Skip every picture, and output exactly the lines starting at the one with "Celestial Zodiac - Aquarius" and running through the last line of the material below.

## Data
**********

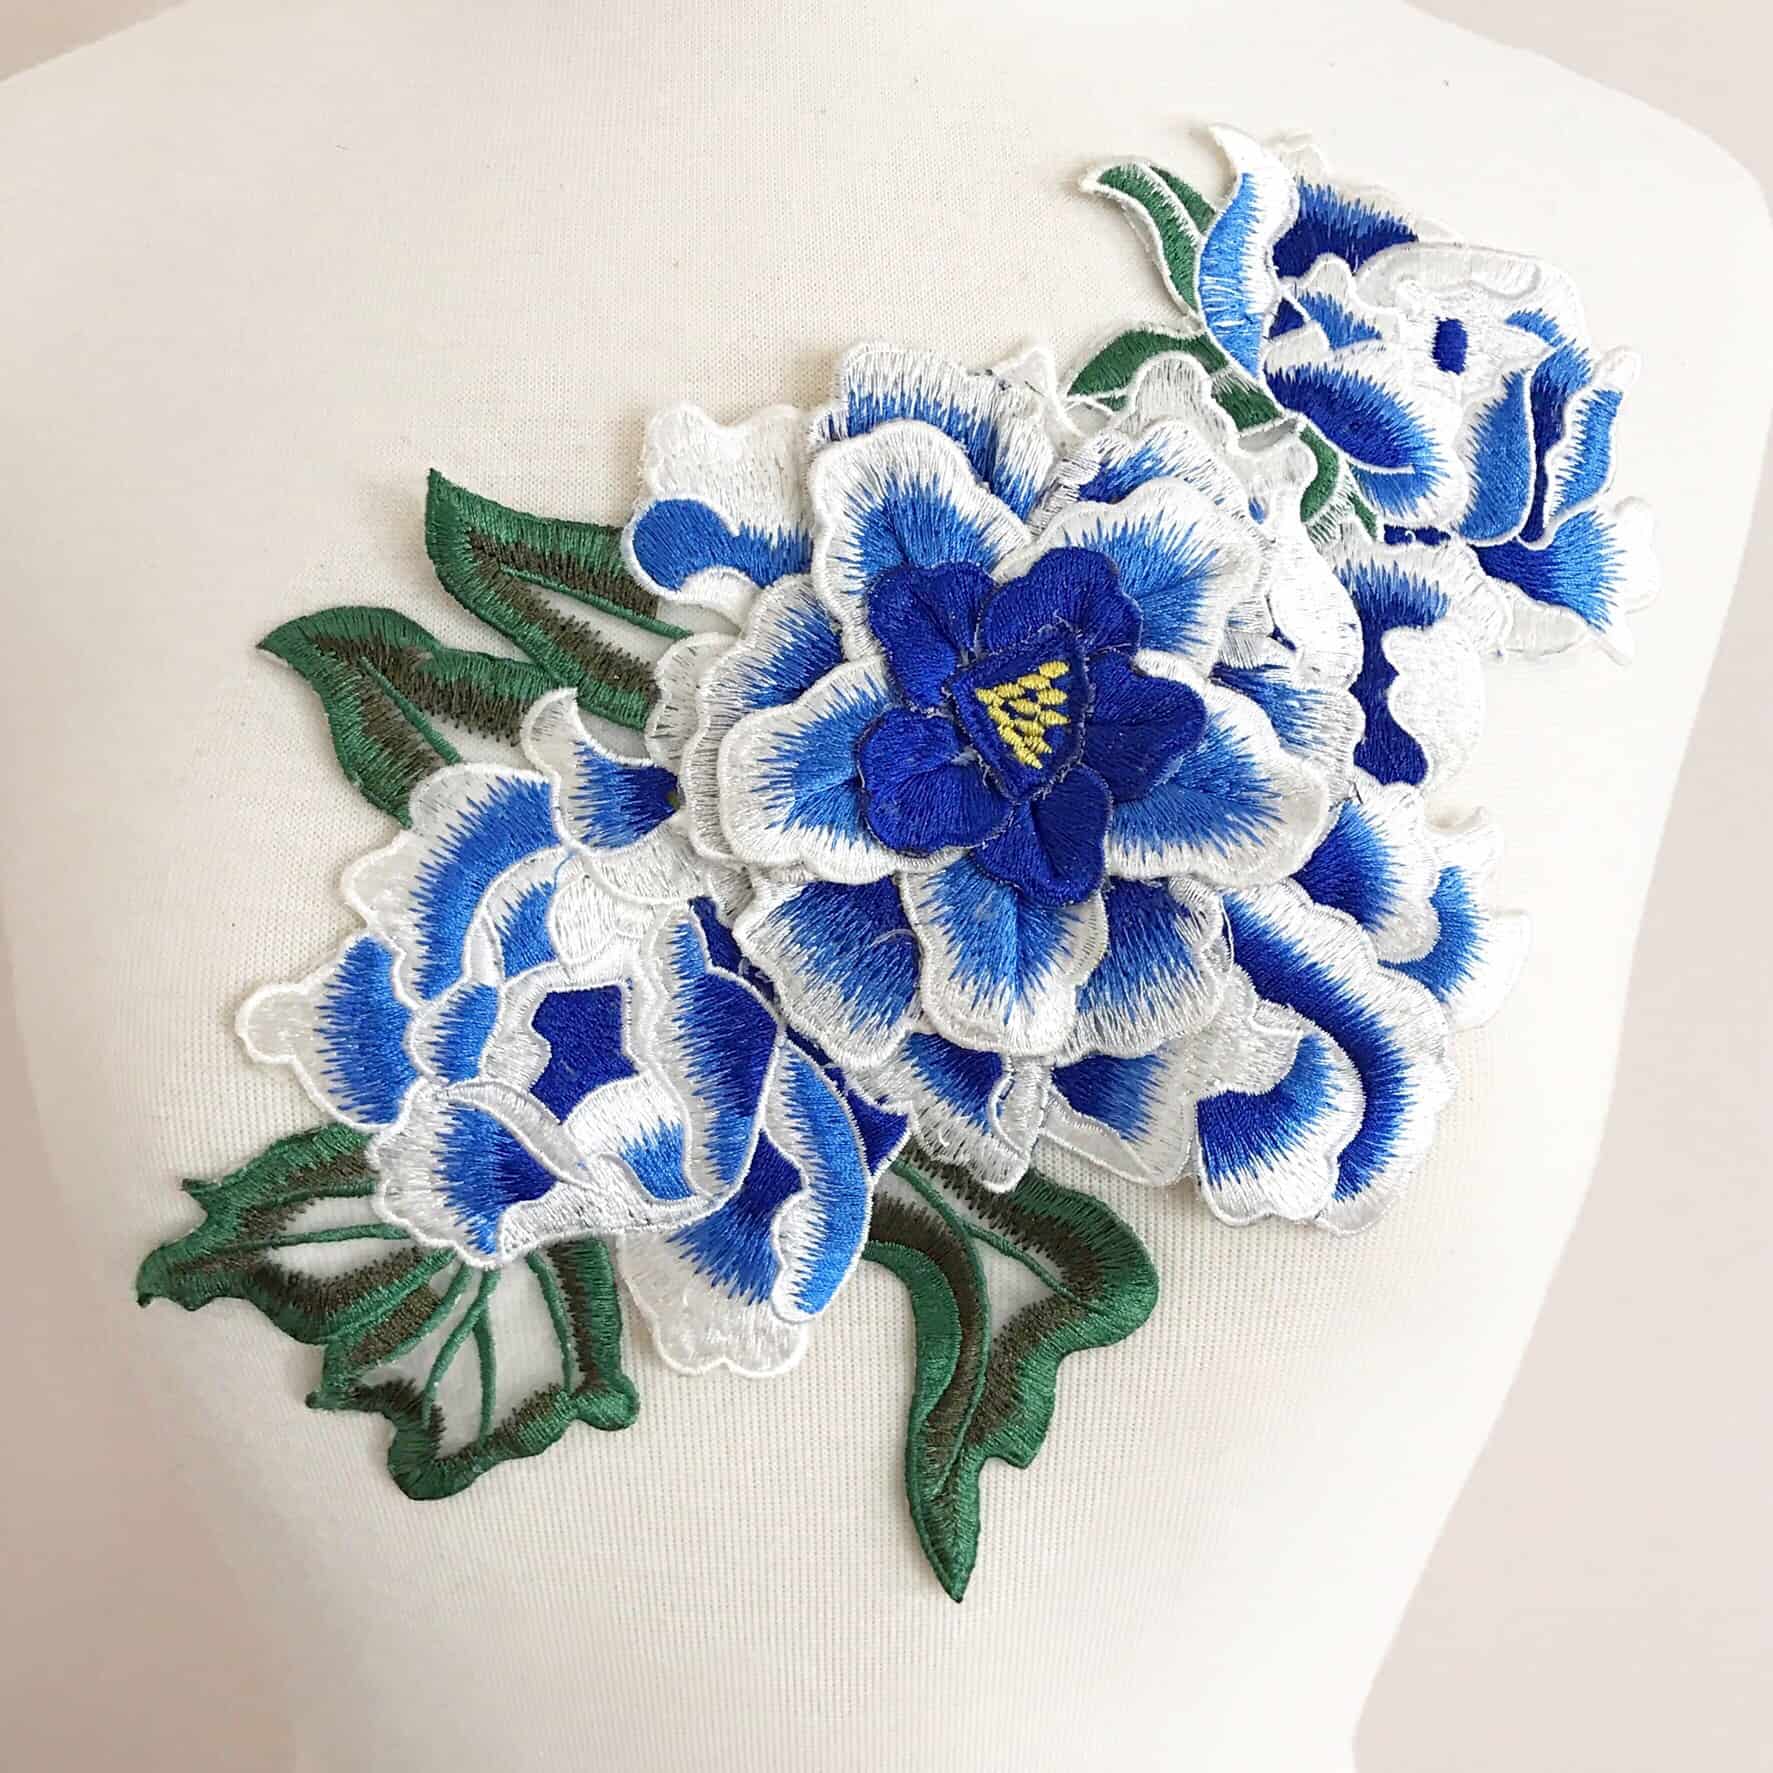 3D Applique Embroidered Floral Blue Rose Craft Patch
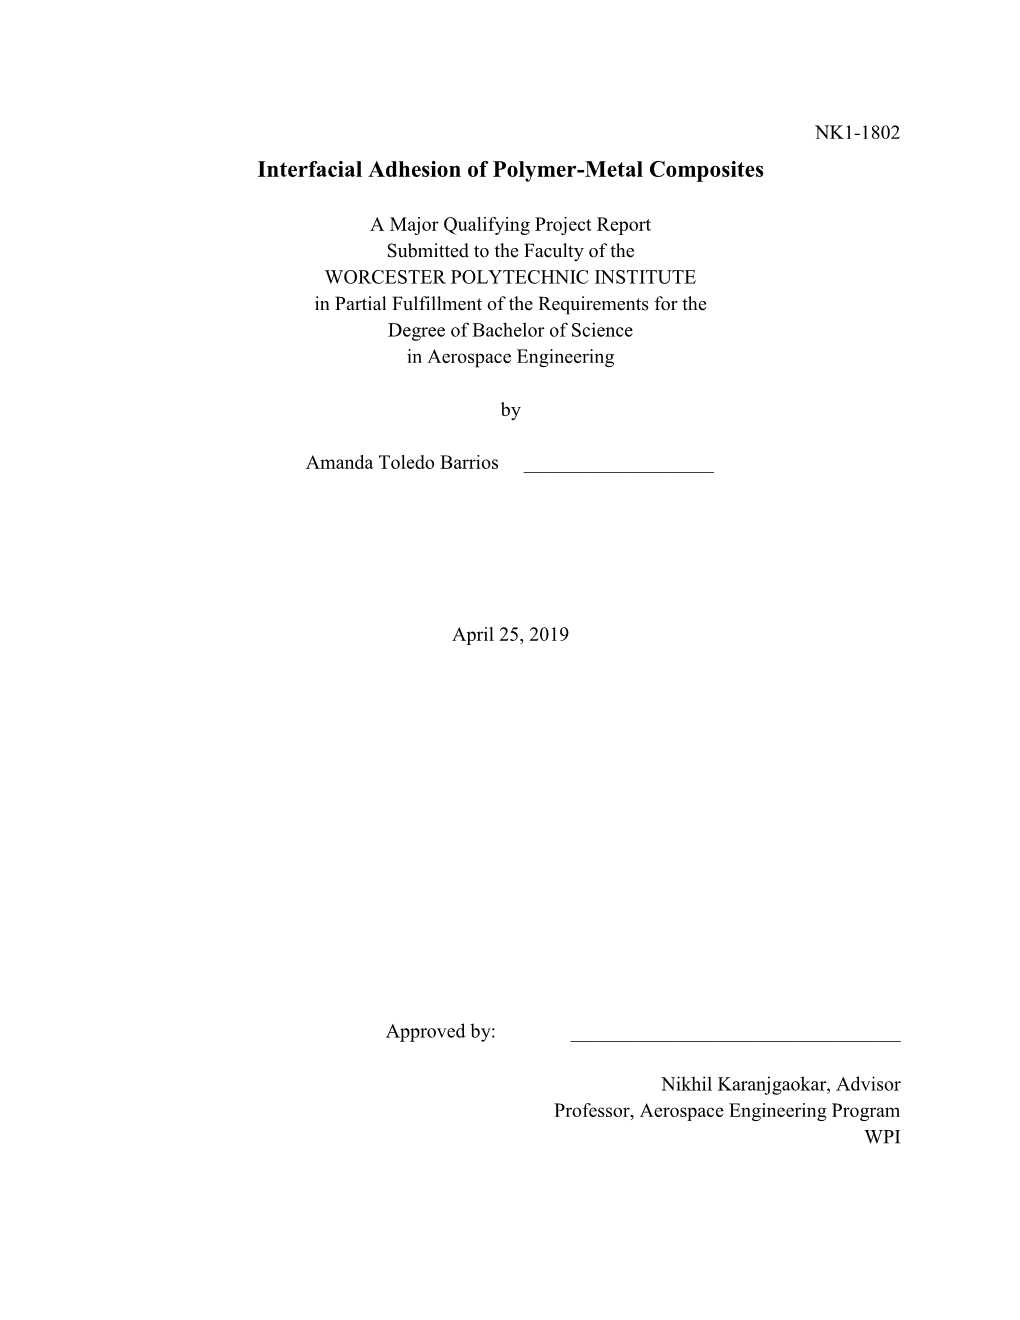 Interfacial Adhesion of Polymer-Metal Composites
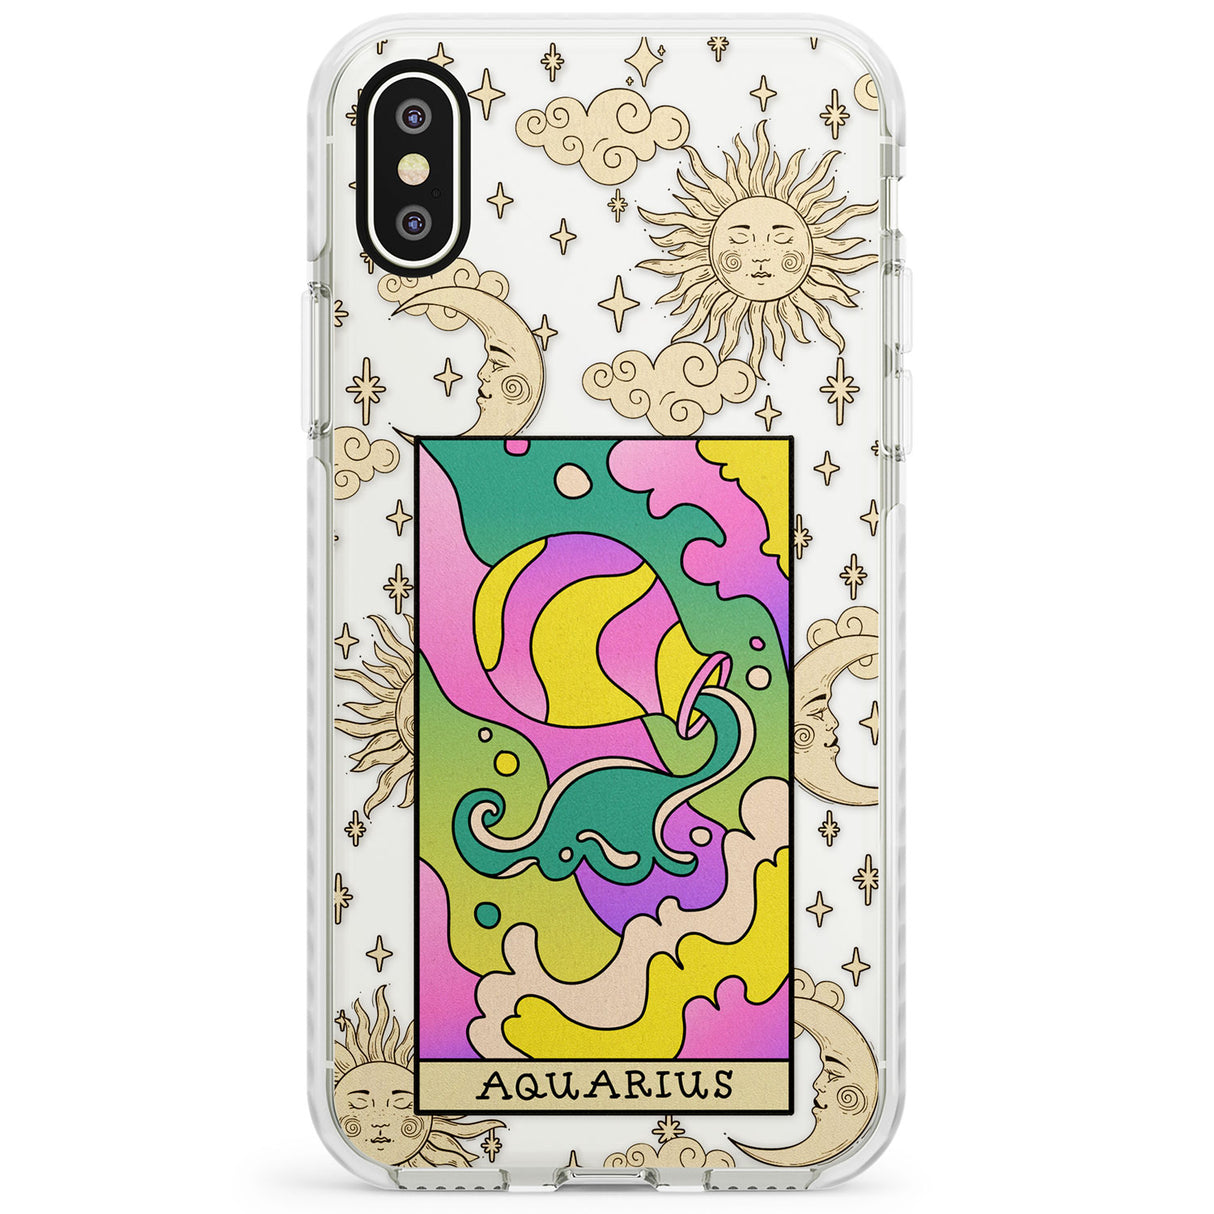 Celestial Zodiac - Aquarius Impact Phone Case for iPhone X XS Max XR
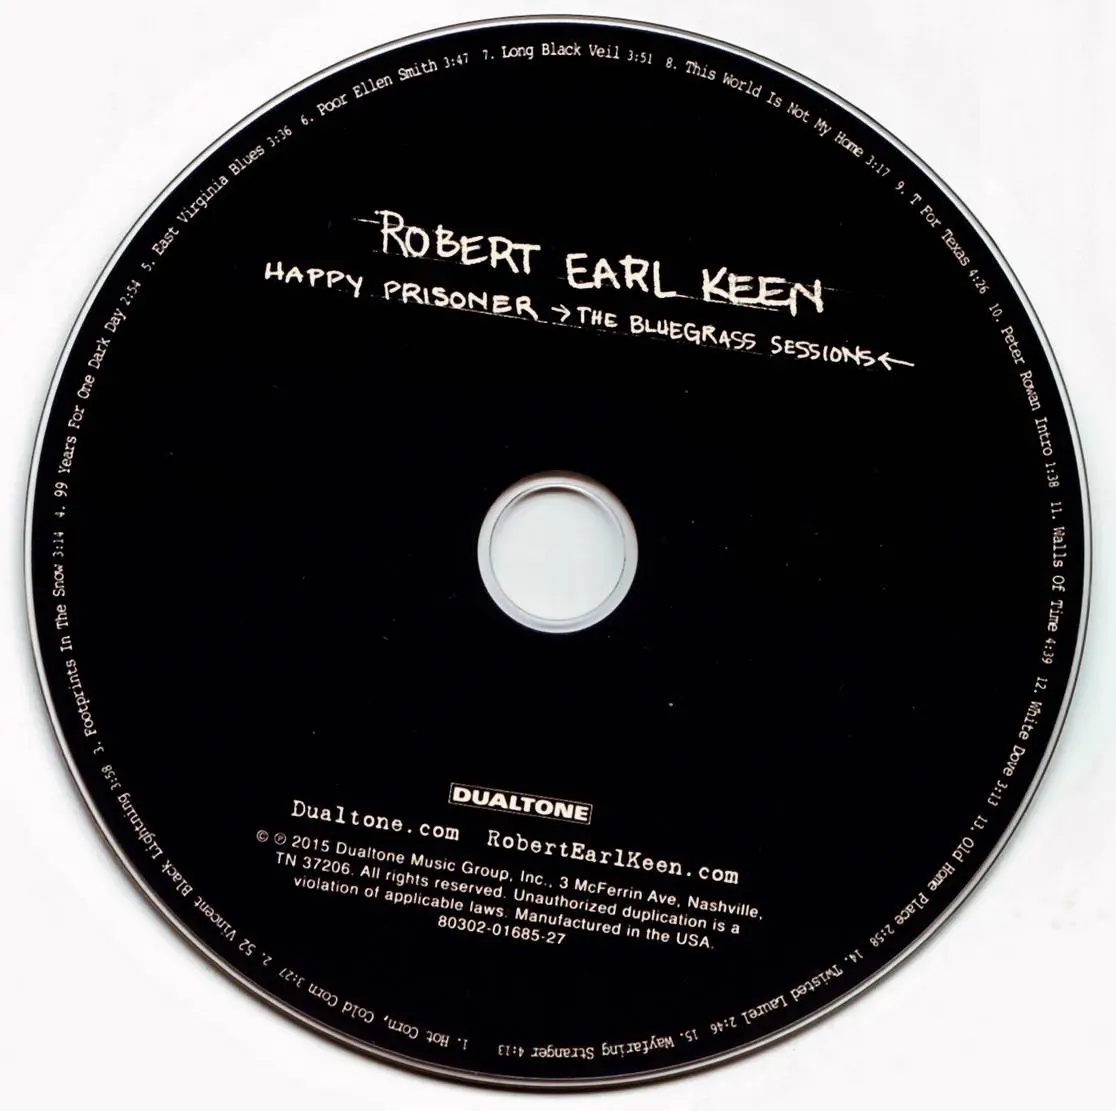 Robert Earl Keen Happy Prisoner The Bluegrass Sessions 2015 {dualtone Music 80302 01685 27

**********

## Response to the task
 Celestial Zodiac - Aquarius Impact Phone Case for iPhone X XS Max XR
 Robert Earl Keen Happy Prisoner The Bluegrass Sessions 2015 {dualtone Music 80302 01685 27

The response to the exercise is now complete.